PROBLEM STATEMENT
The listing below has to be output exactly as given, less its pictures.
##### GIVEN MATERIAL #####
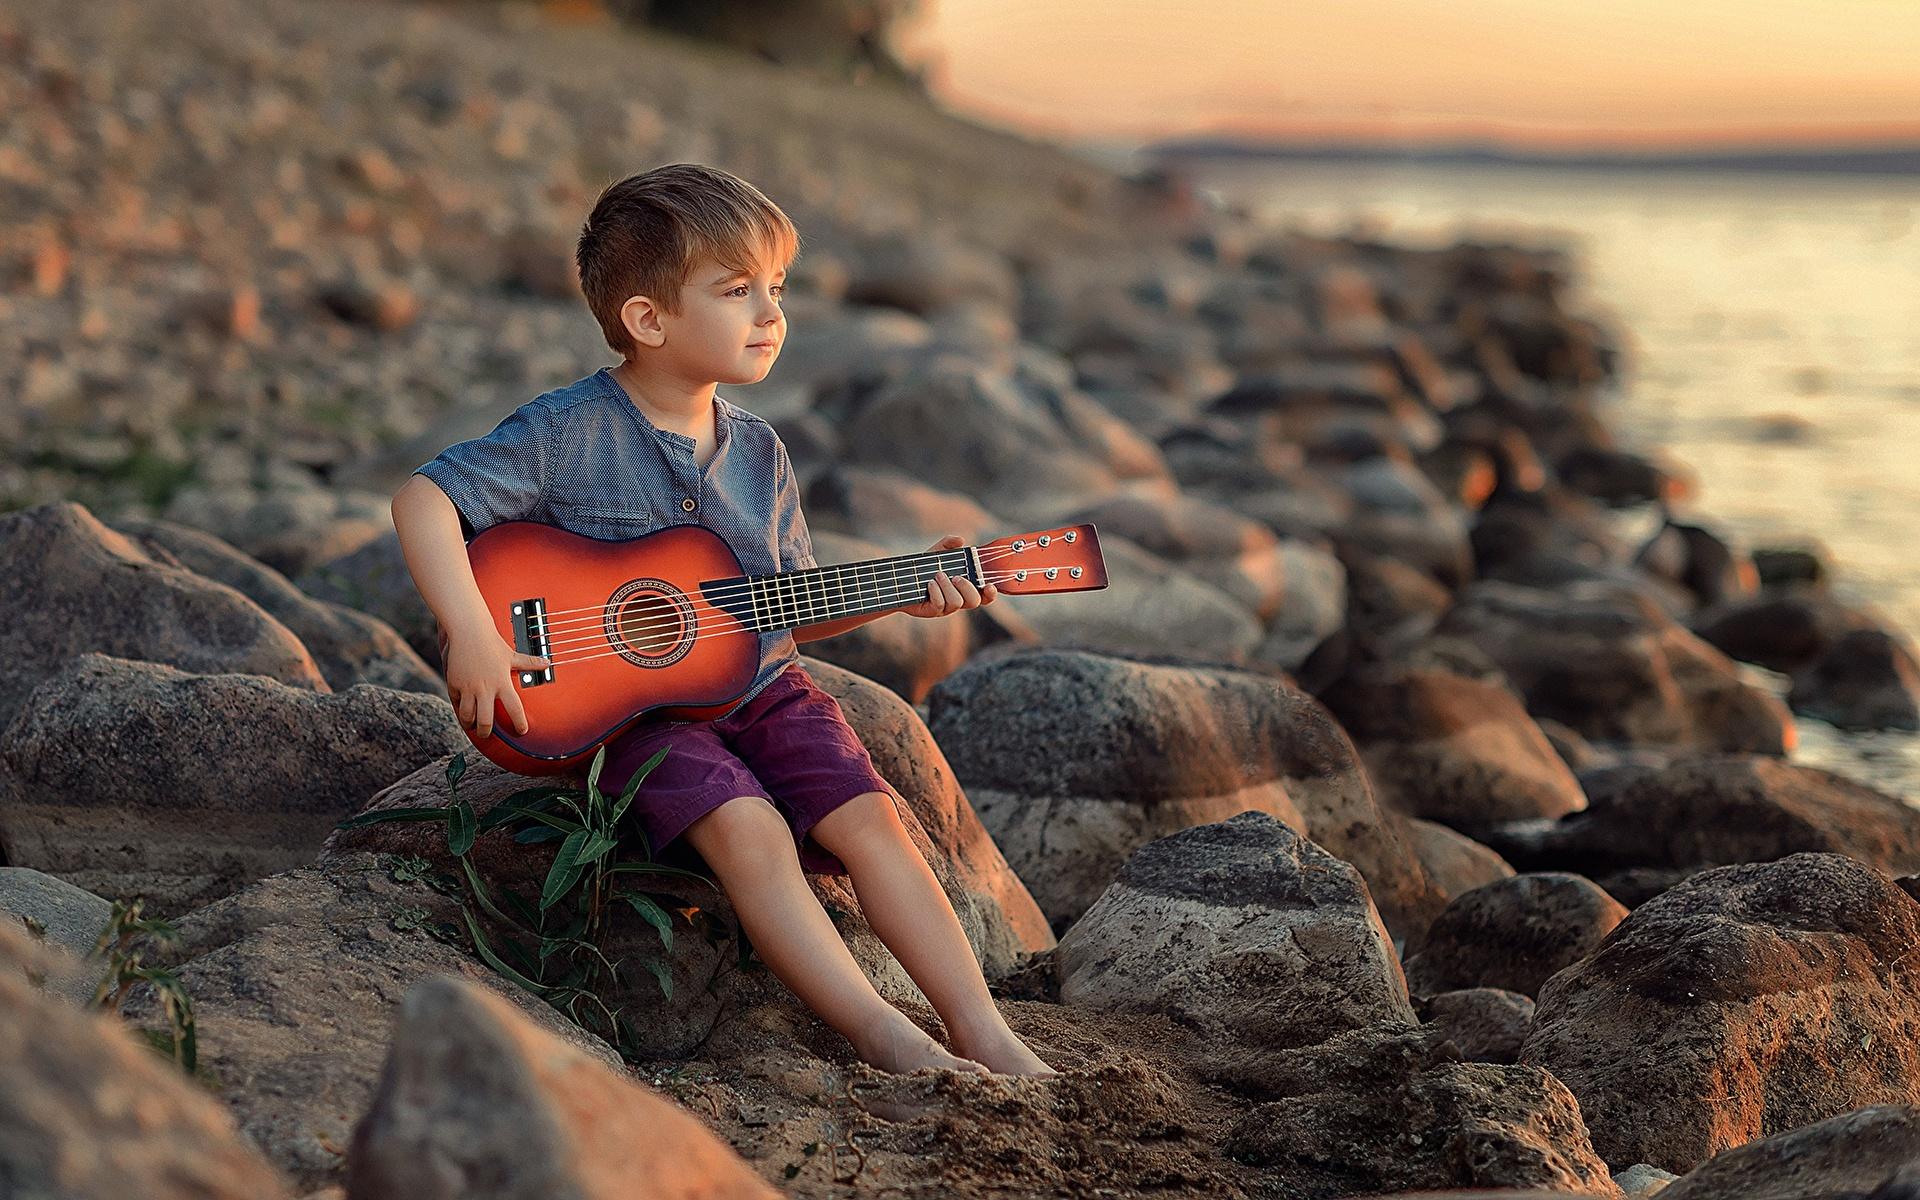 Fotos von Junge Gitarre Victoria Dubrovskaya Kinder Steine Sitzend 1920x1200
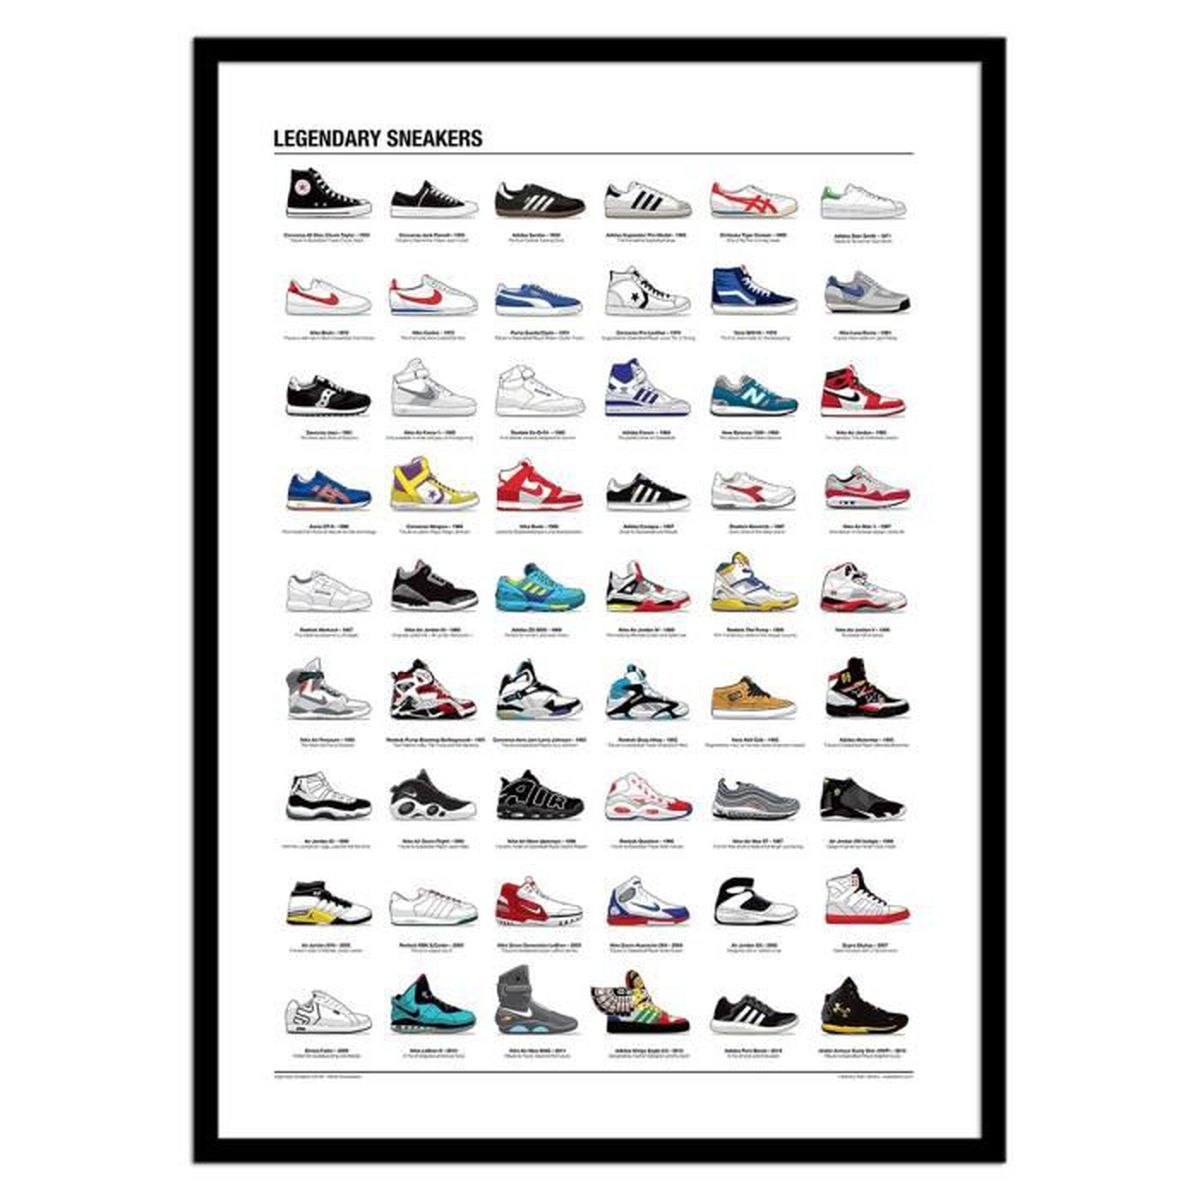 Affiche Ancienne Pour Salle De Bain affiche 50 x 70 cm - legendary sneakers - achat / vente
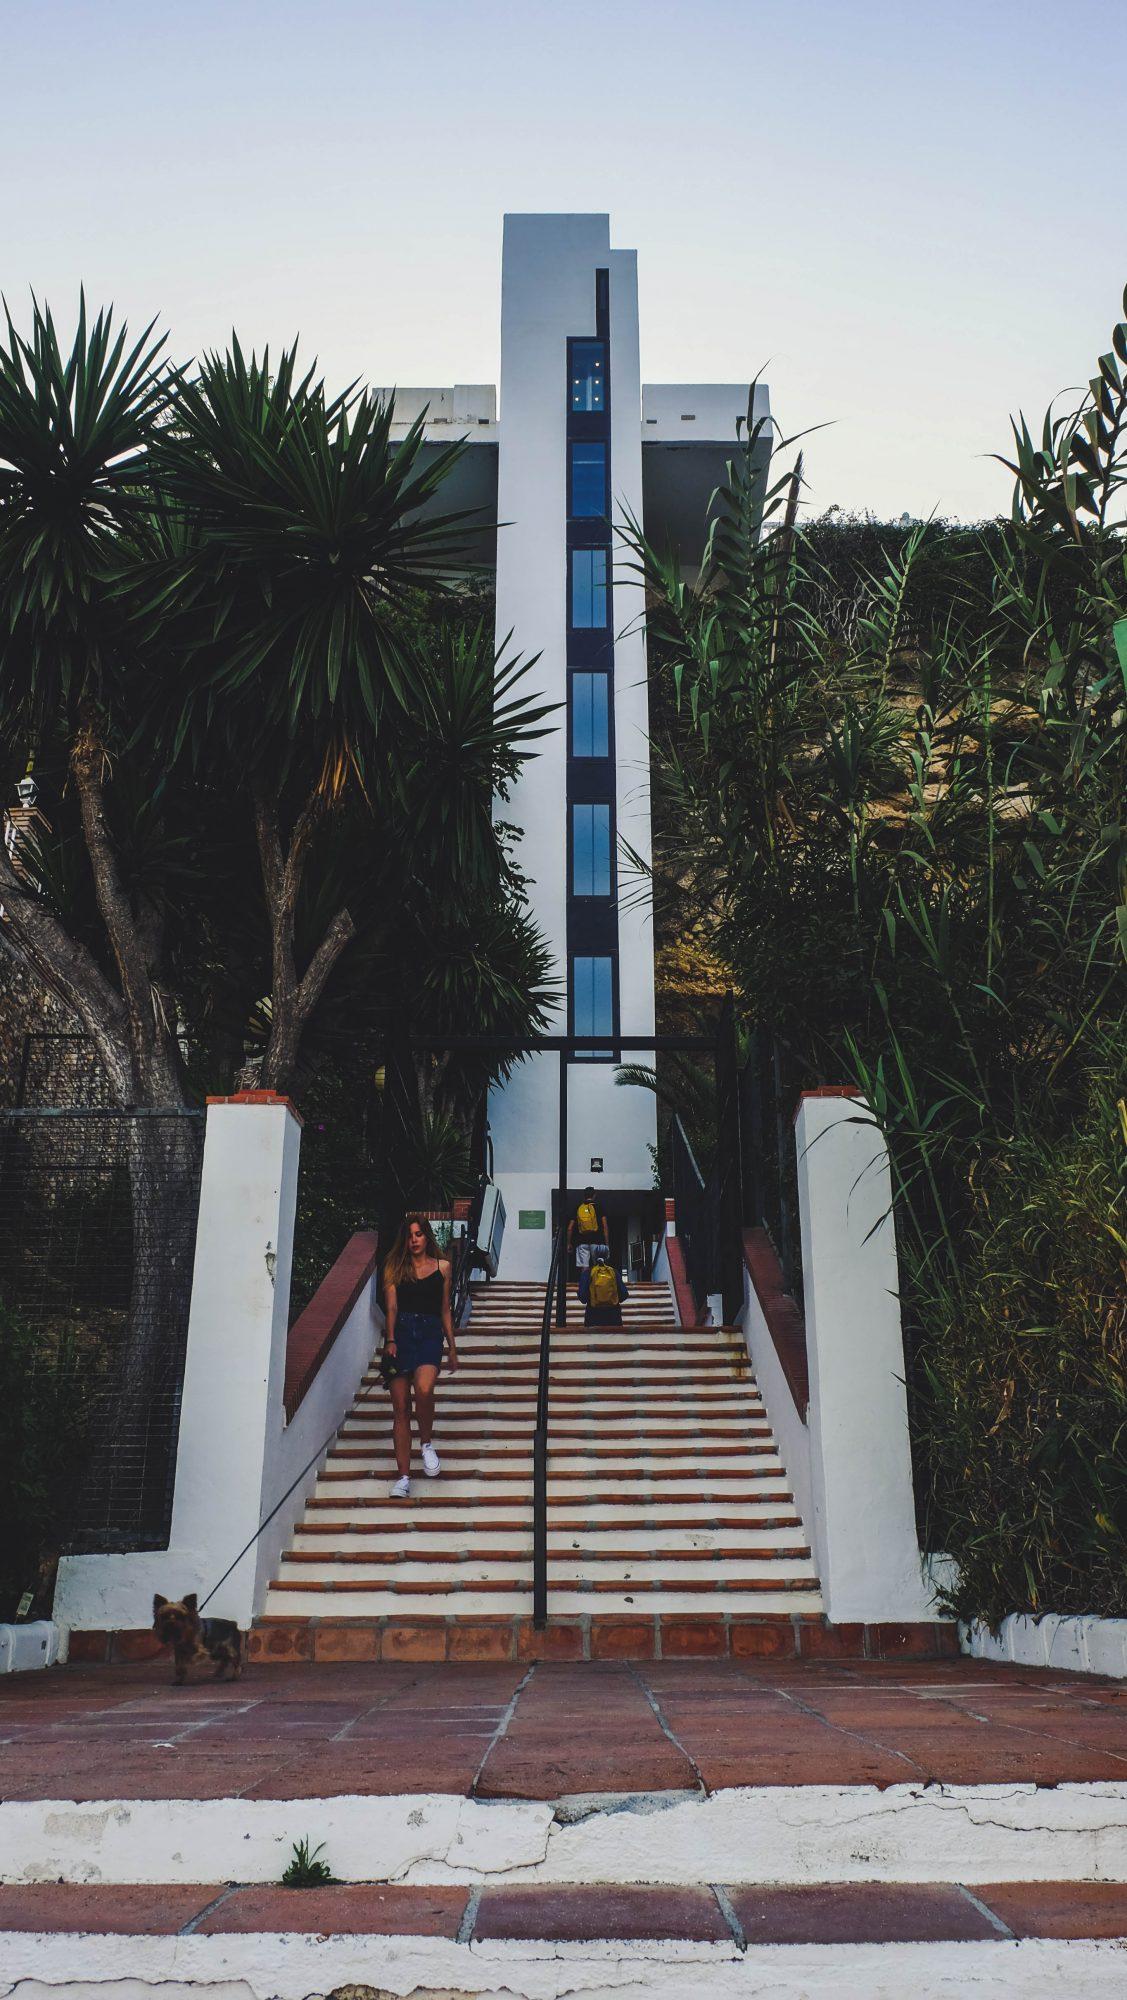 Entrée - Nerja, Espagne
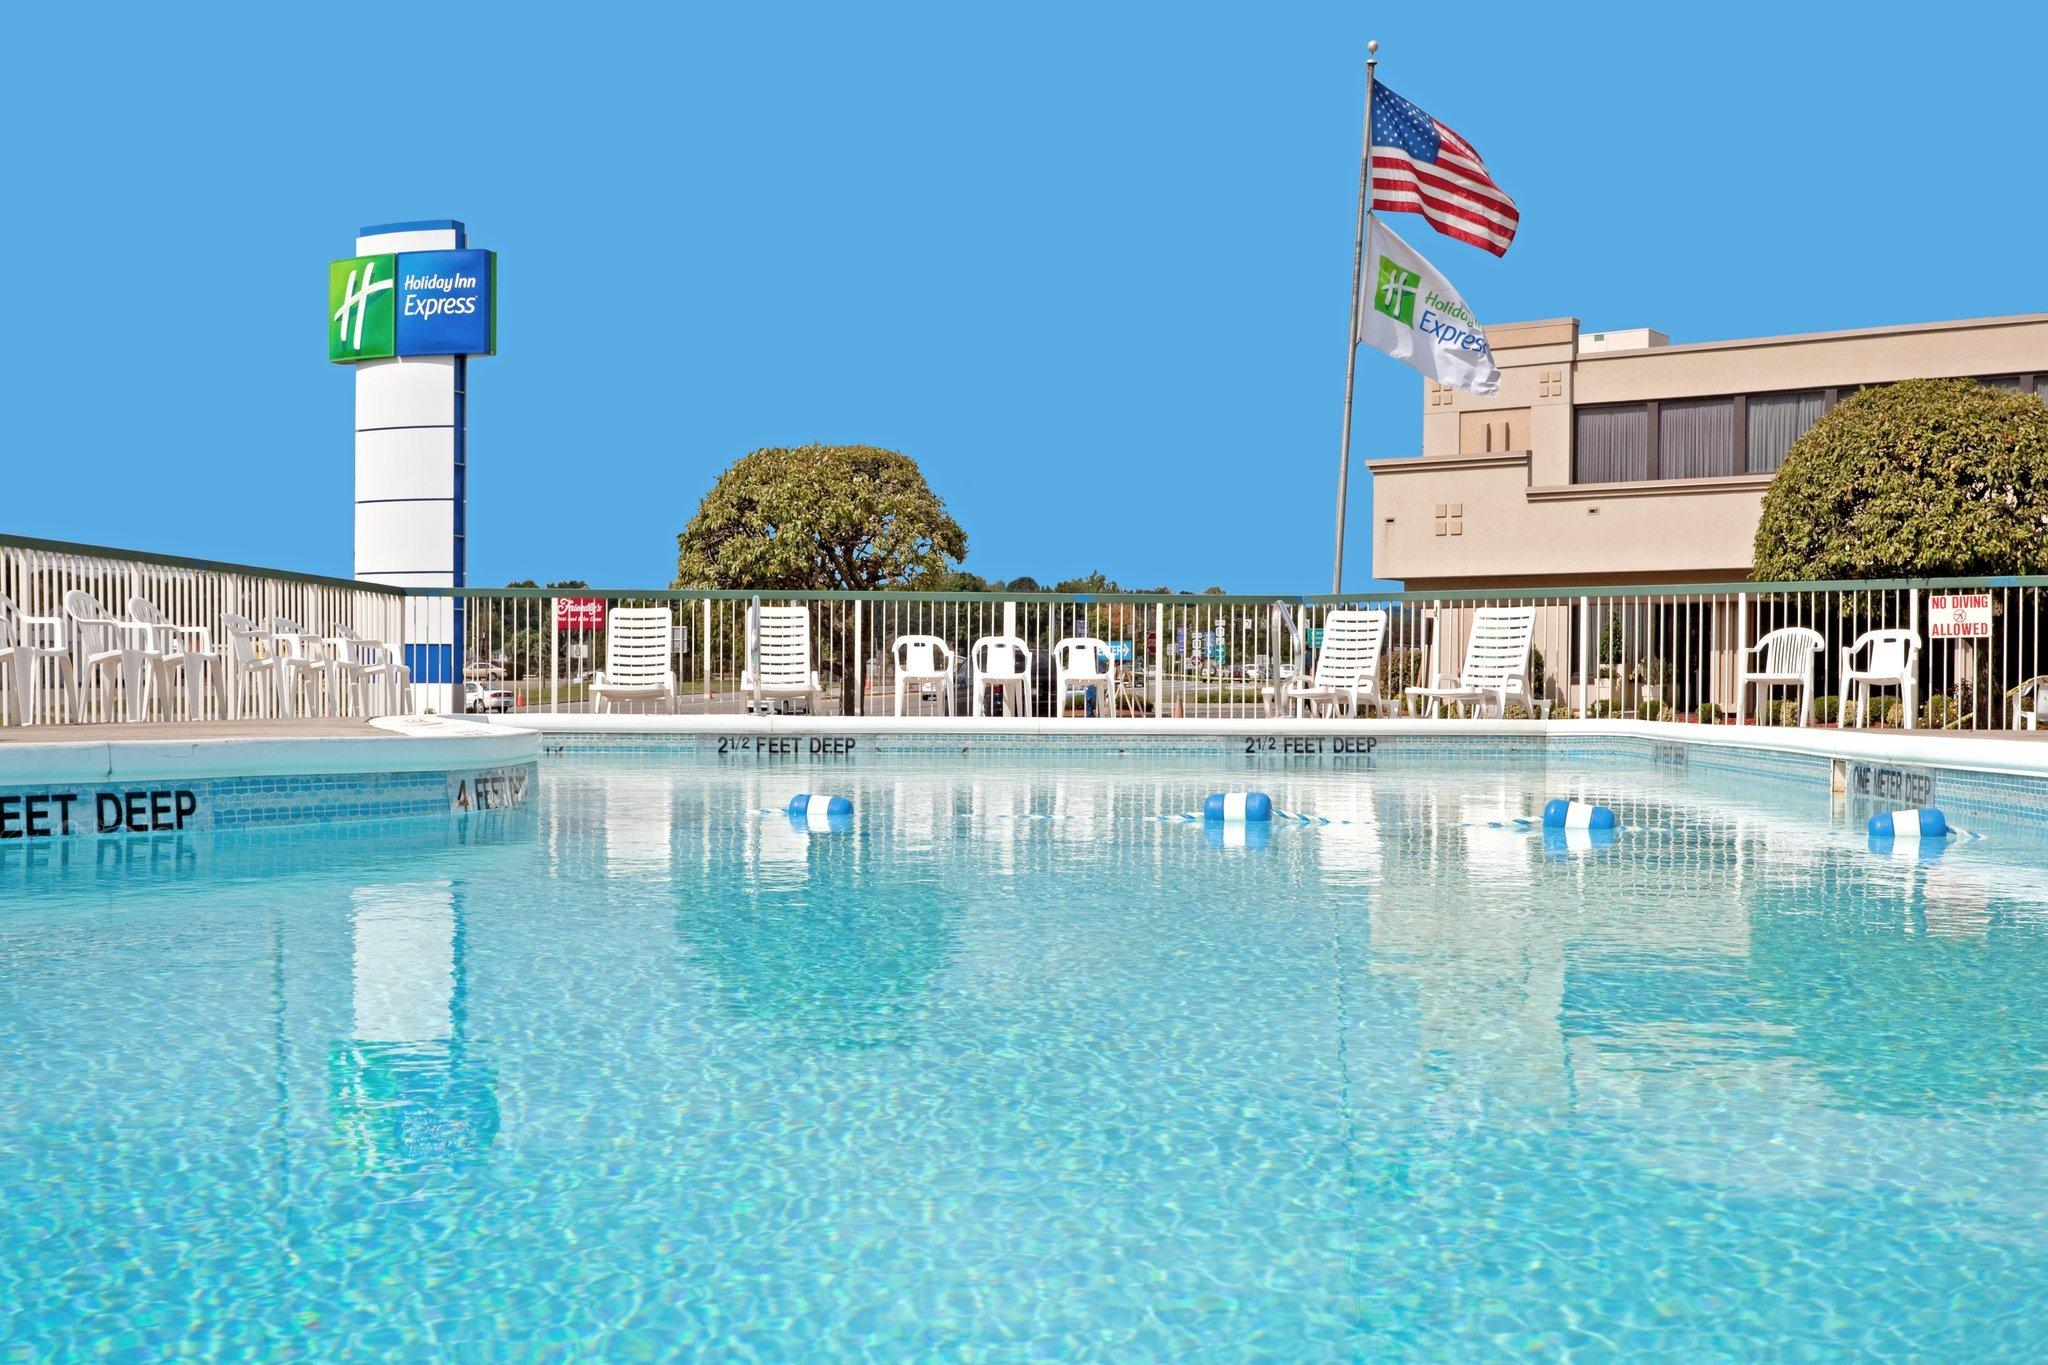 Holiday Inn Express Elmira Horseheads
#####
COMPLETED TASK
 Fotos von Junge Gitarre Victoria Dubrovskaya Kinder Steine Sitzend 1920x1200
 Affiche Ancienne Pour Salle De Bain affiche 50 x 70 cm - legendary sneakers - achat / vente
 Entrée - Nerja, Espagne
 Holiday Inn Express Elmira Horseheads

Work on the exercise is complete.